Simon was born in London, educated in London and Paris, and now makes his home in Paris. At twelve years of age he began as a runner at Pinewood Studios. He spent a year in training at The Drama Center, and then moved to Paris where he became company manager for the European tours of Dave Brubeck, Pina Bausch, and the Murray Louis Dance Company. Moving into film, and among other projects, he was assistant director on The Unbearable Lightness of Being (with Philip Kaufman) and worked as production consultant for In the Soup, with Steve Buscemi and Jennifer Beals (1st Prize, Sundance Festival, 1991; Prix du Public, Deauville, 1992). During this period he also helped to develop and finance the political thriller Primary Motive, starring Judd Nelson and released through Twentieth Century Fox.
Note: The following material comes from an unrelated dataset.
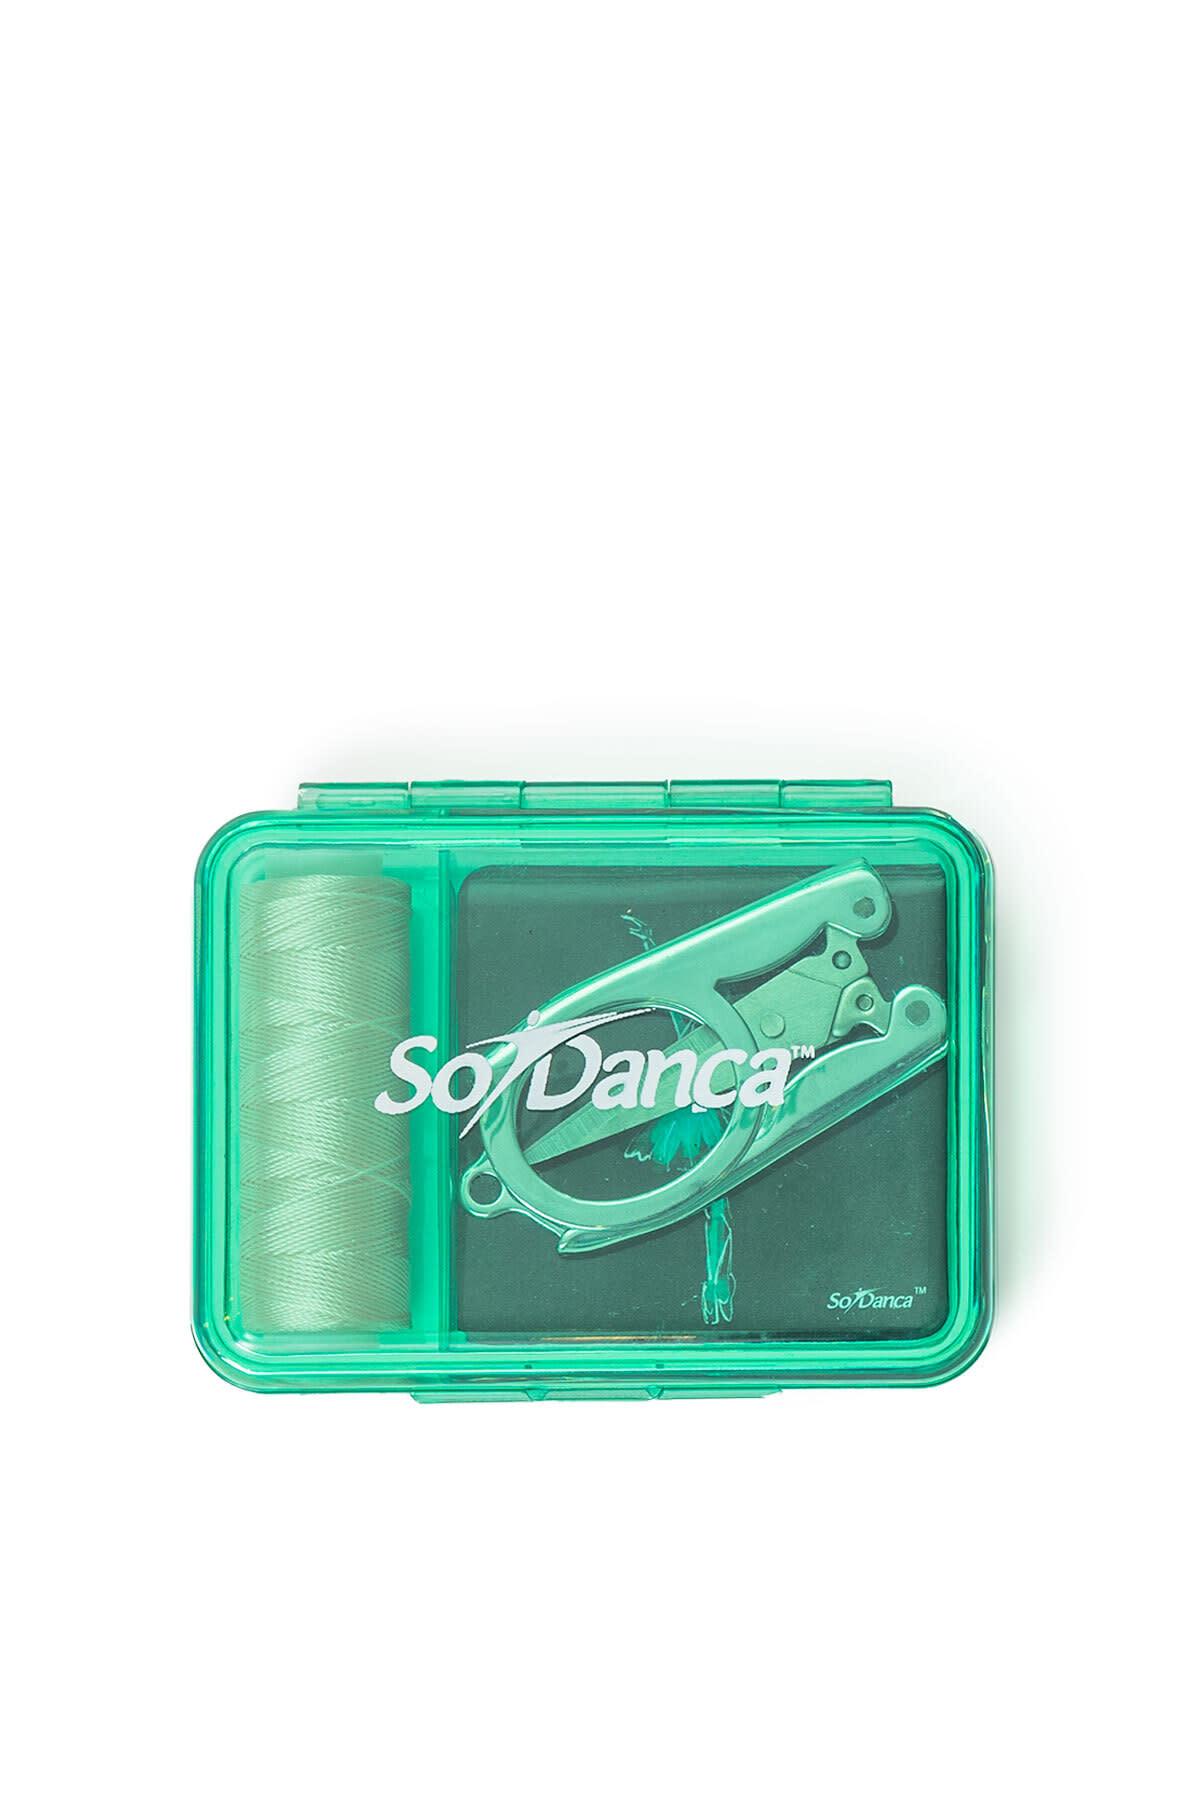 So Danca ST01 Stitch Kit

In 1992 Simon directed the documentary on French theater director Jean Mercure for the series Parisian Mémoires.
He directed, in 2000, Karos D'Ethiope: Les Amoureux du Fleuve, treating love stretched to the breaking point between modernity and tradition in the Valley of Omo, in the south of Ethiopa.
Mirage in Yemen (2002) was a making-of following location scouting in the Yemen desert for The Naval Battle.
Amazone, an intellectual adventure as broad and extensive as its subject, utilizing the notes of novelist Paule Constant and broadcast on France 2 (French public television), followed the world's greatest river from Peru and Columbia through Brazil.
Simon directed Cleopatra's Lost City for Discovery Channel (2003), and The True Legend of the Eiffel Tower (2005), for Canal+/Discovery (a record 5.6 million viewers watched its first primetime France 3 television broadcast). Between these projects he spent weeks back in the Amazon directing Jungle Magic (2004), a documentary on the world's largest folk festival, Boi Bumba, which takes place on an island in the world's largest river (the Amazon, naturally) in a specially constructed stadium for 35,000 people, in the town of Parintins.
Skipping an ocean and decades, Simon moved to Generations 68 (2008), documenting, forty years after the facts, the arts and zeitgeist of Europe at a time when bombs and napalm exploded over Vietnam and people blew their own minds. With Milos Forman, Vaclav Havel, Mary Quant, Dennis Hopper, Annie Nightingale, William Klein, Ed Ruschka, Peter Brook and others.
Simon's 2011 documentary for the BBC, Annie Nightingale: Bird on the Wireless, included Mick Jones, Paul McCartney and Fatboy Slim.
When he's in Venice, Simon's been known to have the occasional drink at Harry's. When in Salvador, his place of choice is O Cravinho, on the Terreiro de Jesus (where the price of one drink at Harry's will get you thirty!).